You’ll probably want to look to the PEPs. Havent dug into this topic myself but looks related https://peps.python.org/pep-0744/
I think CPython already had tier2 and some tracing infrastructure when the copy-and-patch JIT backend was added; it's the "JIT frontend" that's more obscure to me.
discussions might be happening on the Python forums, which are pretty active.
https://discuss.python.org/t/pep-744-jit-compilation/50756/8... here's one thing
I do think you can also just outright ask questions about it on the forums and you'll get some answers.
At the end of the day there's only so many people working on this though.
have you read the dev mailing list? There the developers of python discuss lots.
There isn’t a dev mailing list any more, is there?

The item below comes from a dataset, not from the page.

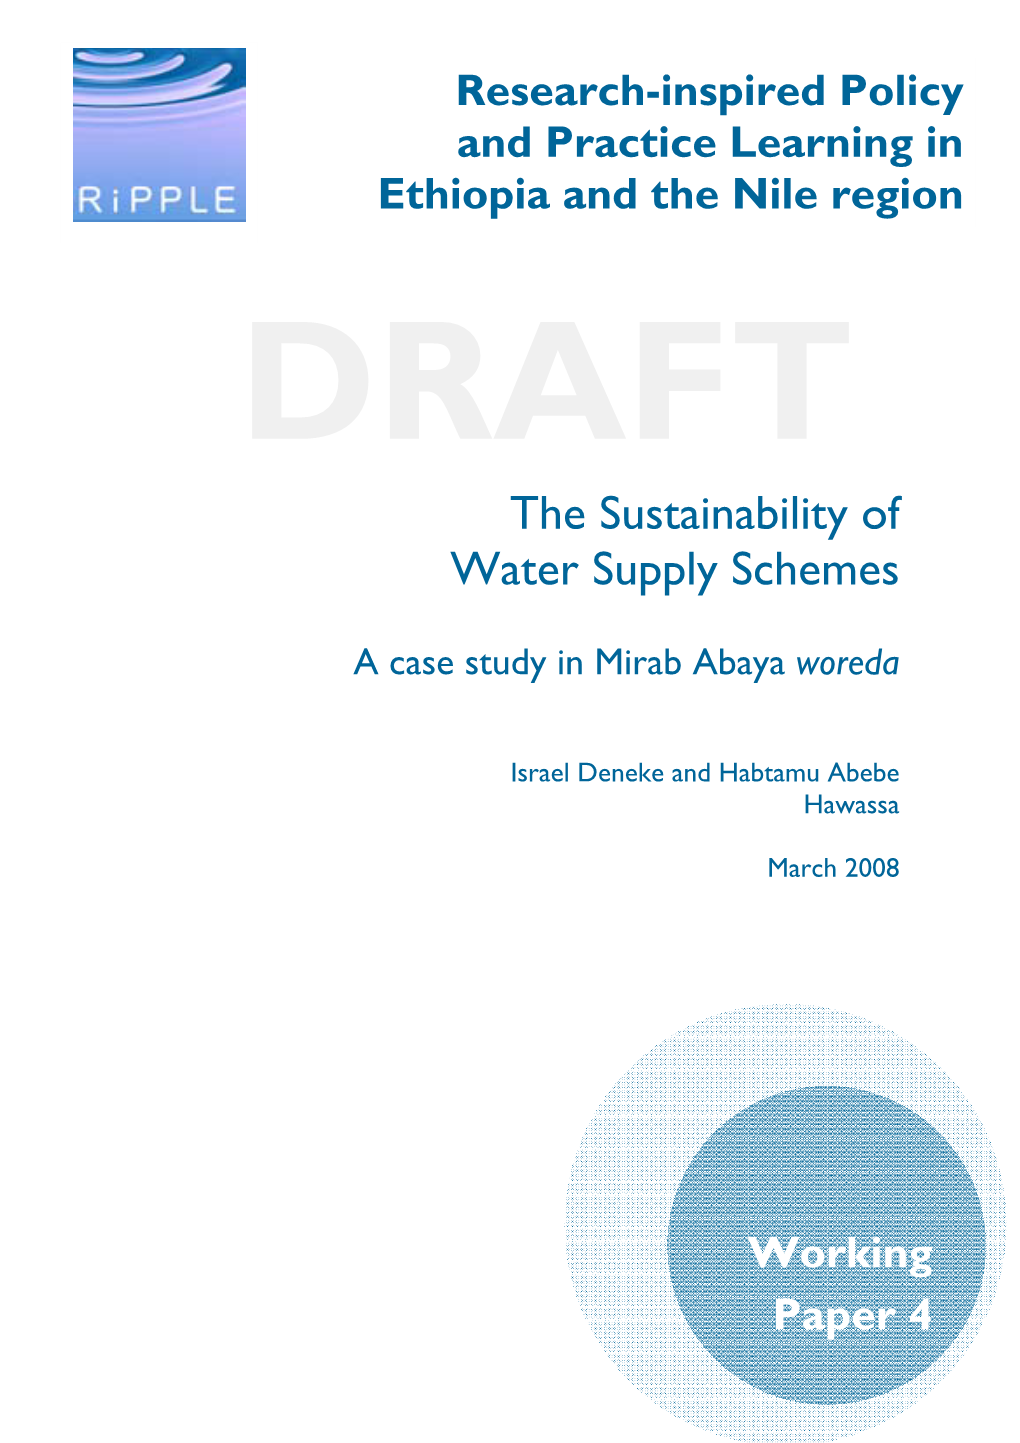 The Sustainability of Water Supply Schemes

Do you mean the Discord forum?
UPDATE: I misunderstood the question :-/ You can ignore this.
I love playing with compilers for fun, so maybe I can shed some light. I’ll explain it in a simplified way for everyone’s benefit (going to ignore the stack):
When an object is passed between functions in Python, it doesn’t get copied. Instead, a reference to the object’s memory address is sent. This reference acts as a pointer to the object’s data. Think of it like a sticky note with the object’s memory address written on it. Now, imagine throwing away one sticky note every time a function that used a reference returns.
When an object has zero references, it can be freed from memory and reused. Ensuring the number of references, or the “reference count” is always accurate is therefore a big deal. It is often the source of memory leaks, but I wouldn’t attribute it to a speed up (only if it replaces GC, then yes).
what at all does this comment have to do with what it's replying to?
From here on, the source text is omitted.